While Wordsworth was still at school his father died. His uncles then took charge of him, and after he left school sent him to Cambridge. Wordsworth did nothing great at college. He took his degree without honors, and left Cambridge still undecided what his career in life was to be. He did not feel himself good enough for the Church. He did not care for law, but rather liked the idea of being a soldier. That idea, however, he also gave up, and for a time he drifted.

In those days one of the world's great dramas was being enacted. The French Revolution had begun. With the great struggle the poet's heart was stirred, his imagination fired. It seemed to him that a new dawn of freedom and joy and peace was breaking on the world, and "France lured him forth." He crossed the Channel, and for two years he lived through all the storm and stress of the Revolution. He might have ended his life in the fearful Reign of Terror which was coming on, had not his friends in England called him home. He left France full of pity, and sorrow, and disappointment, for no reign of peace had come, and the desire for Liberty had been swallowed up in the desire for Empire.

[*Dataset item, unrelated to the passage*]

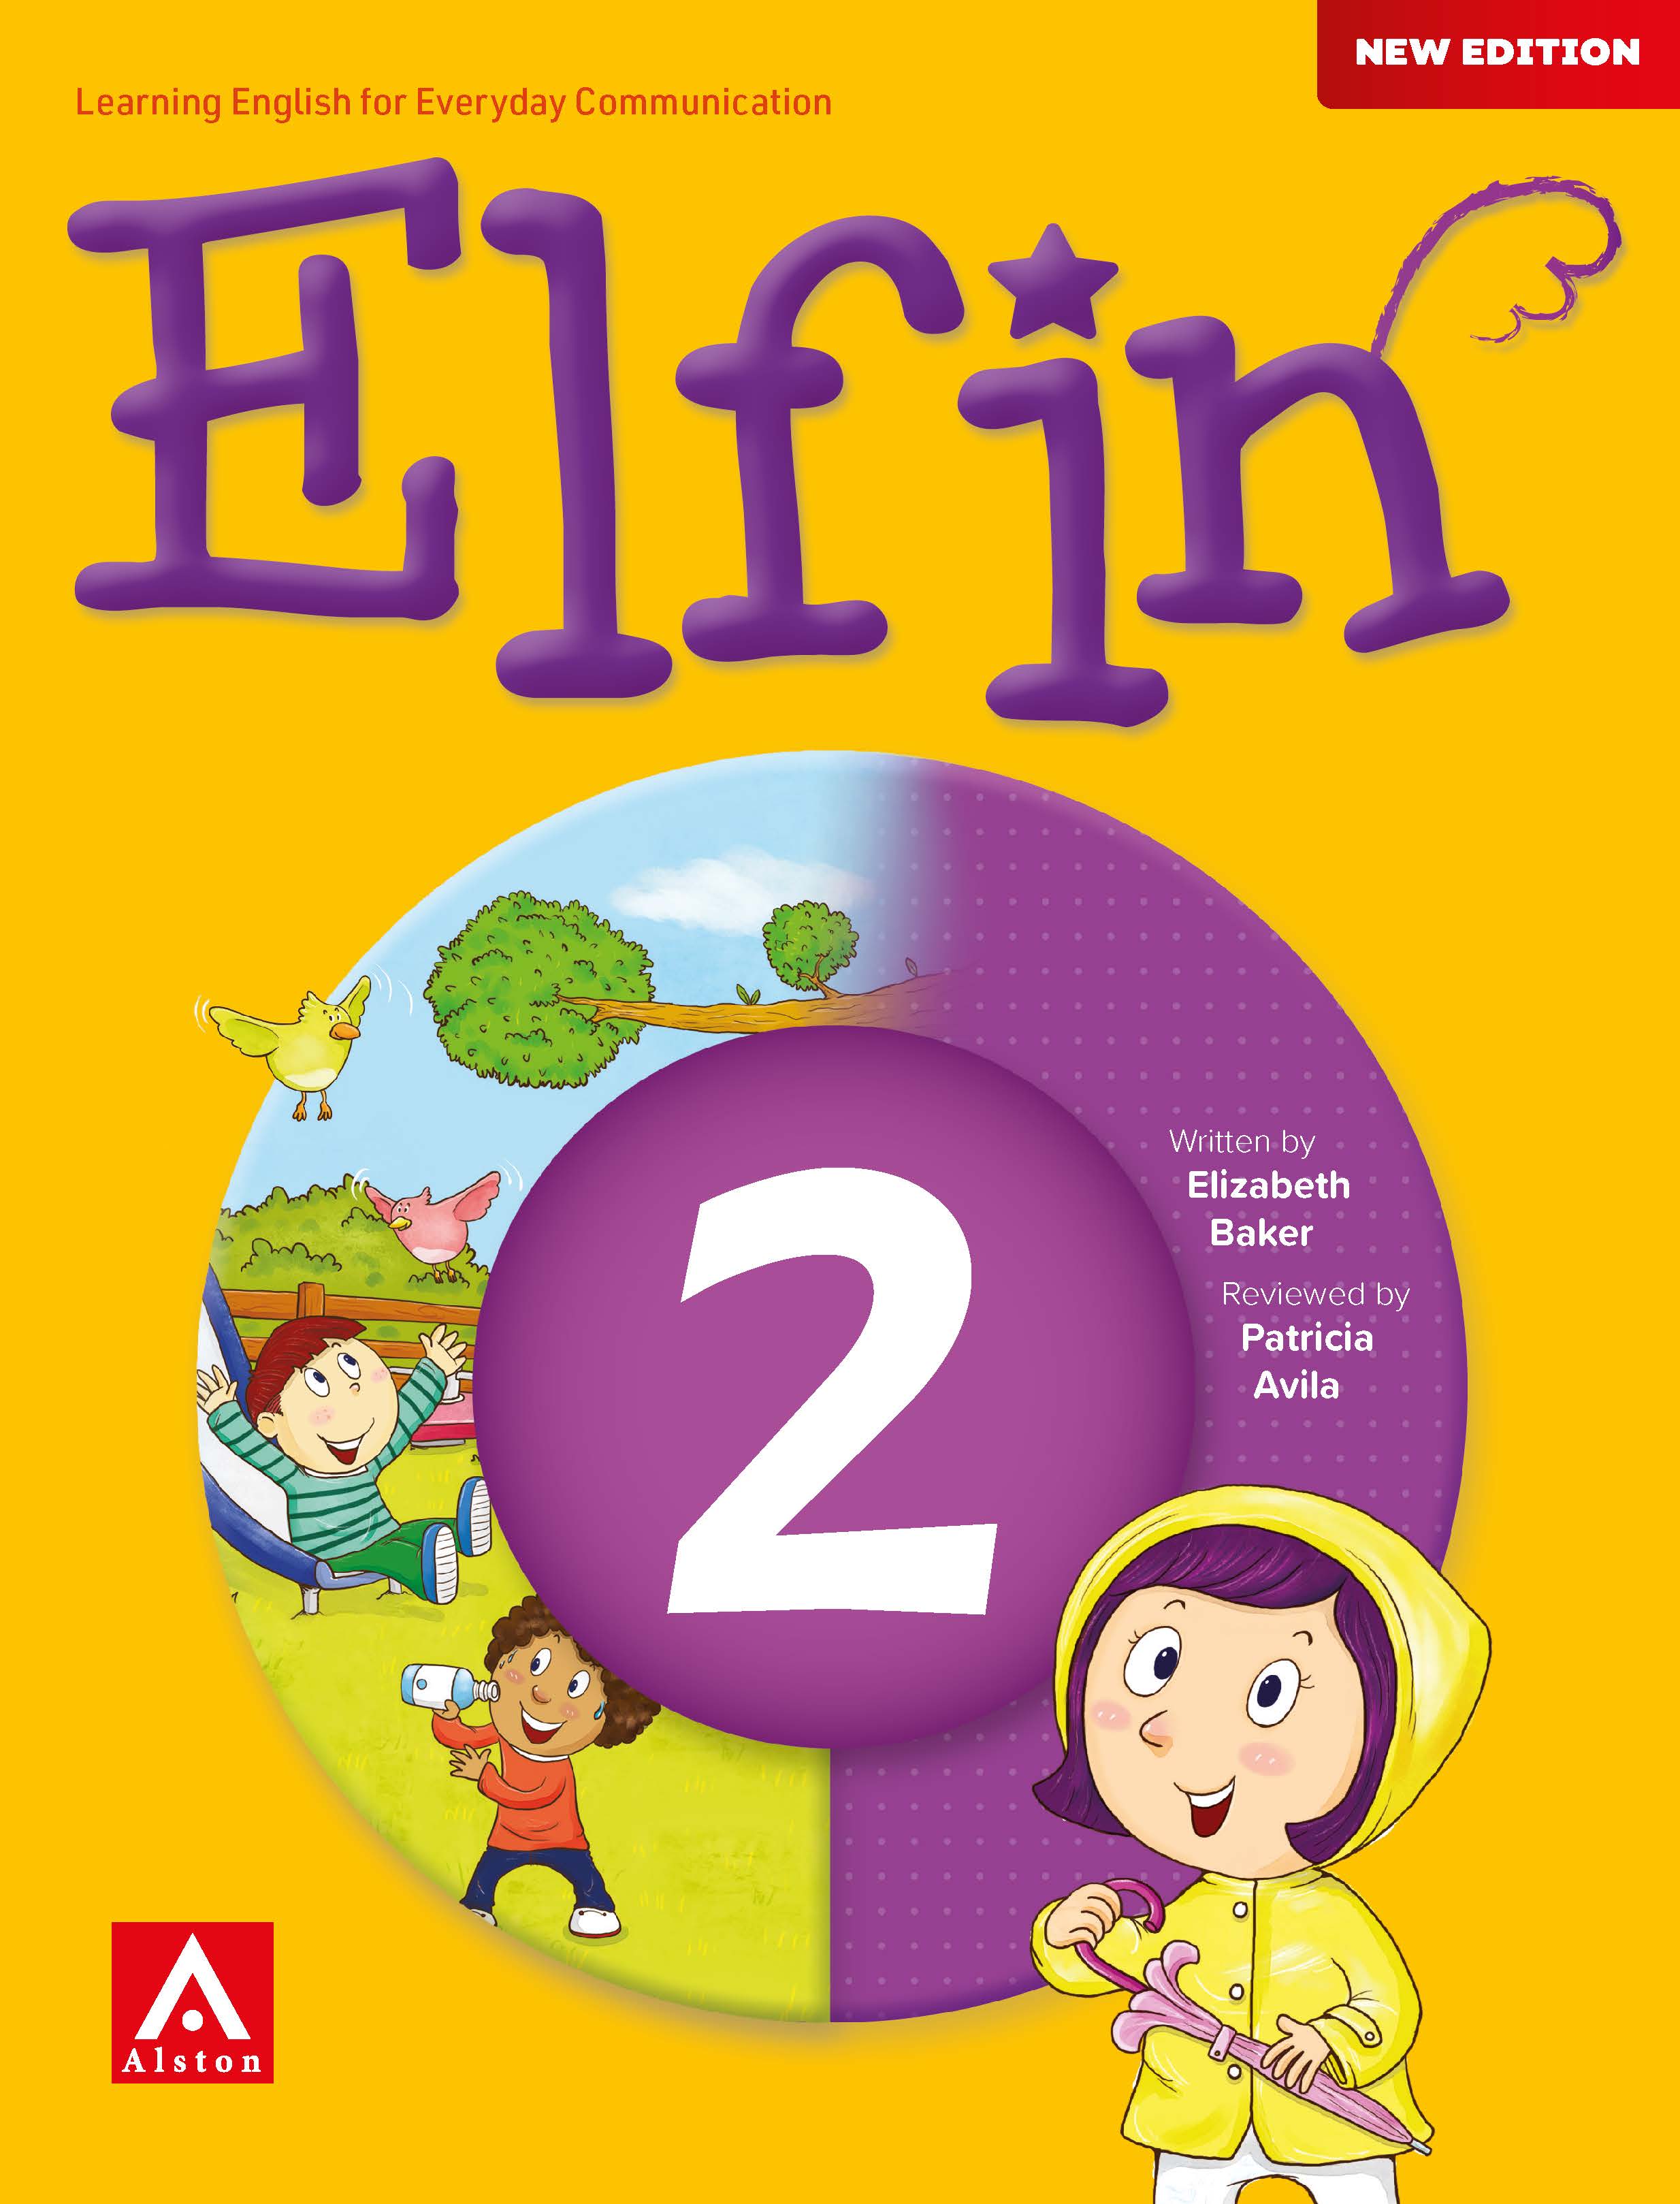 Elfin New Edition Cover SB TG 1 6 Page 02

In spite of his years of travel, in spite of the fact that it was necessary for him to earn his living, Wordsworth was still unsettled as to what his work in life was to be, when a friend dying left him nine hundred pounds. With Wordworth's simple tastes this sum was enough to live upon for several years, so he asked his dearly loved sister Dorothy to make her home with him, and together they settled down to a simple cottage life in Dorsetshire. It was a happy thing for Wordsworth that he found such a comrade in his sister. From first to last she was his friend and helper, cheering and soothing him when need be—

"Her voice was like a hidden bird that sang,

The thought of her was like a flash of light,

Or an unseen companionship, a breath

Of fragrance independent of the wind."

Another poet, Samuel Taylor Coleridge, whom William and Dorothy Wordsworth now met, calls her "Wordsworth's exquisite sister."  "She is a woman indeed, in mind I mean, and in heart. . . . In every motion her innocent soul out-beams so brightly that who saw her would say 'Guilt was a thing impossible with her.' "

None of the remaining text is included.